By Claire L. Burgess


Act I

sp10cov_shakespaperSince the 19th century, skeptics have questioned the authorship of William Shakespeare’s works, asserting that the lower-middle-class son of a glove-maker couldn’t possibly be the poet and playwright celebrated as the best writer in the English language. These “Antistratfordians” argue that “Shakespeare” was a pen name adopted to protect the true author from the plays’ bold, controversial politics.

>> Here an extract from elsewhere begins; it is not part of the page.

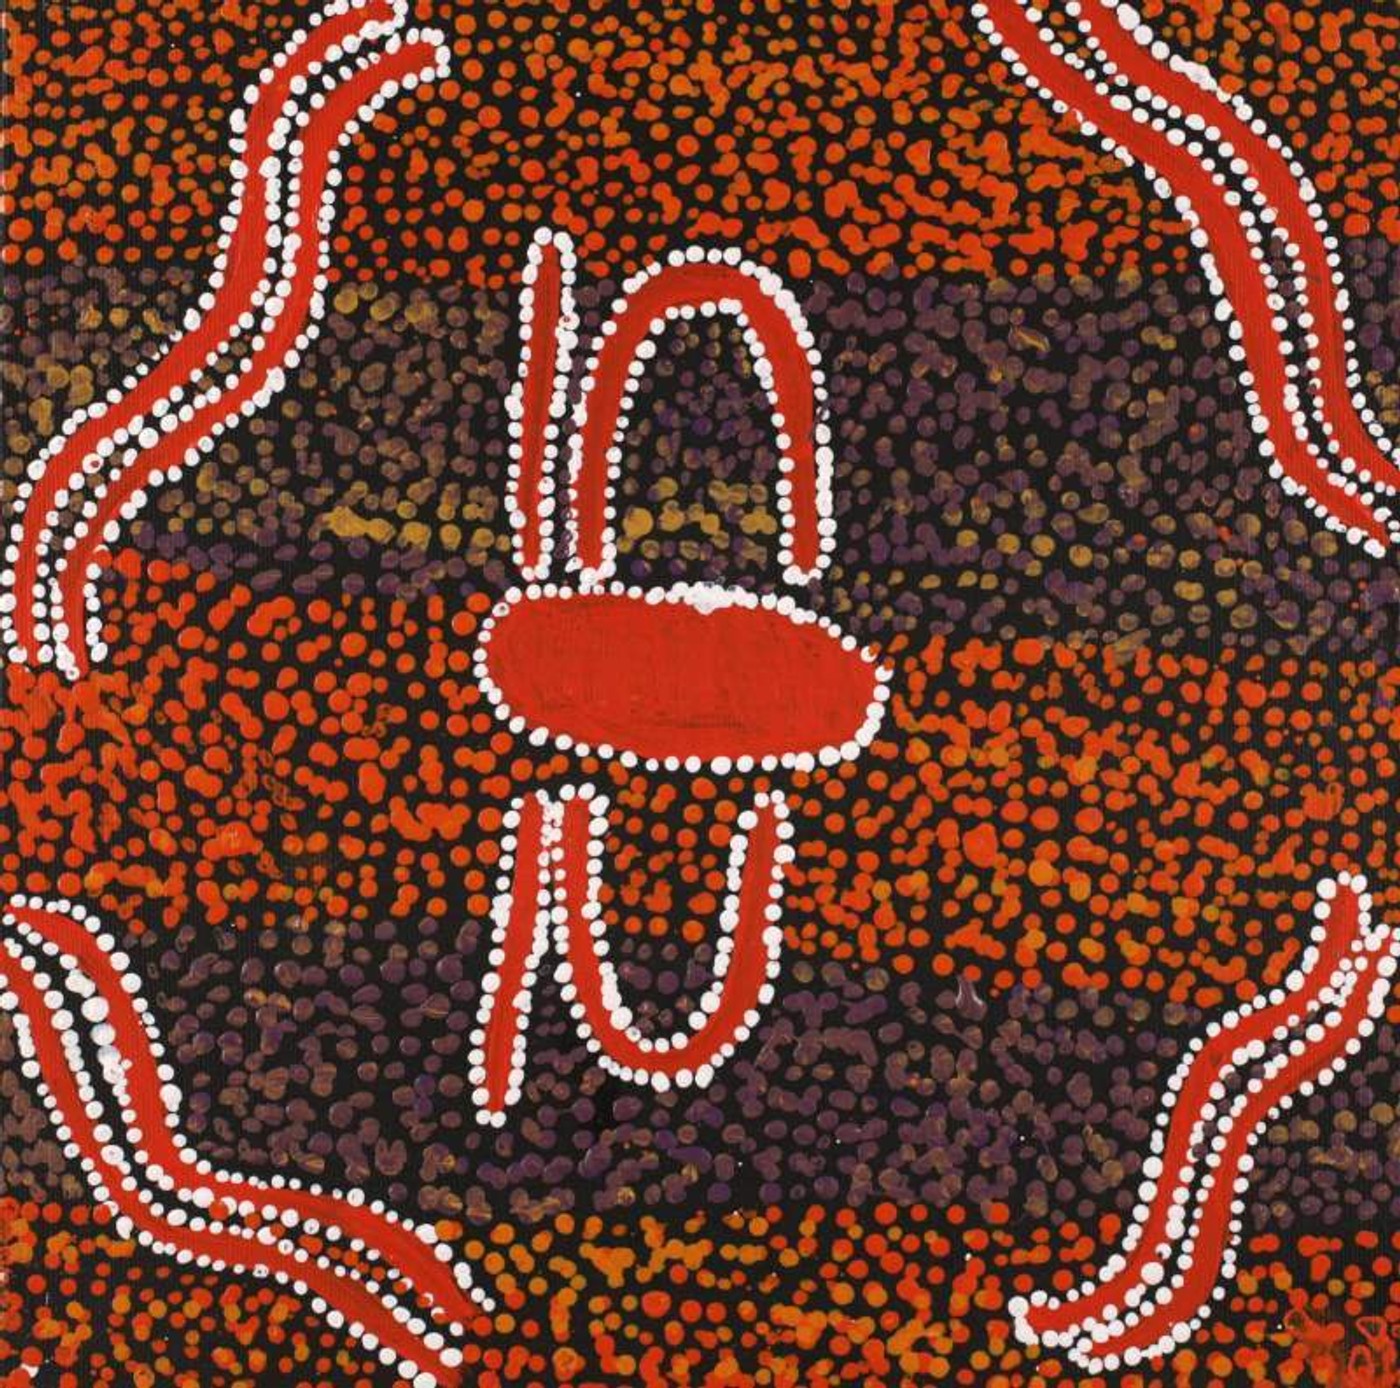 Ngarlajiyi Jukurrpa (Bush Carrot Dreaming) by Audrey Nungarrayi Brown

But Shakespeare scholar and UAB English professor Rebecca Bach, Ph.D., says that in the academic world, there is no credible opposition to the idea that Shakespeare wrote Shakespeare. “The main proponents in the late 20th century are people who believe they can trace their ancestry to the candidates they promote,” she says. “They would love to be related to Shakespeare. But tough luck—they aren’t.”

Act II

A main argument by Antistratfordians is that Shakespeare never experienced court life, served in the military, or traveled overseas to the settings for his plays. There is no record of him attending a university to learn history, philosophy, and classical literature. So how did he write about them?
Old-fashioned research, Bach says. The sources for almost all of Shakespeare’s plays are known; in fact, scholars have traced some of the language in the history plays back to historical chronicles from his era. Besides, Bach says, “if writers had to directly experience everything they write about, that would eliminate the fields of science fiction and fantasy literature.”

Act III

Antistratfordians also find the scarcity of Shakespeare’s biographical information to be suspicious. His name appears in only a handful of legal documents and a few vague references by his contemporaries.
But Bach explains, “most writers in the English Renaissance are a mystery, because history was not written to record the deeds of people who were not nobility. There was no blogosphere—nothing gave day-to-day information about normal people.” She adds, “There is plenty of proof to support that Shakespeare was a man in England who wrote plays and poetry under his name, and he was an actor, and his literary reputation grew over his lifetime.”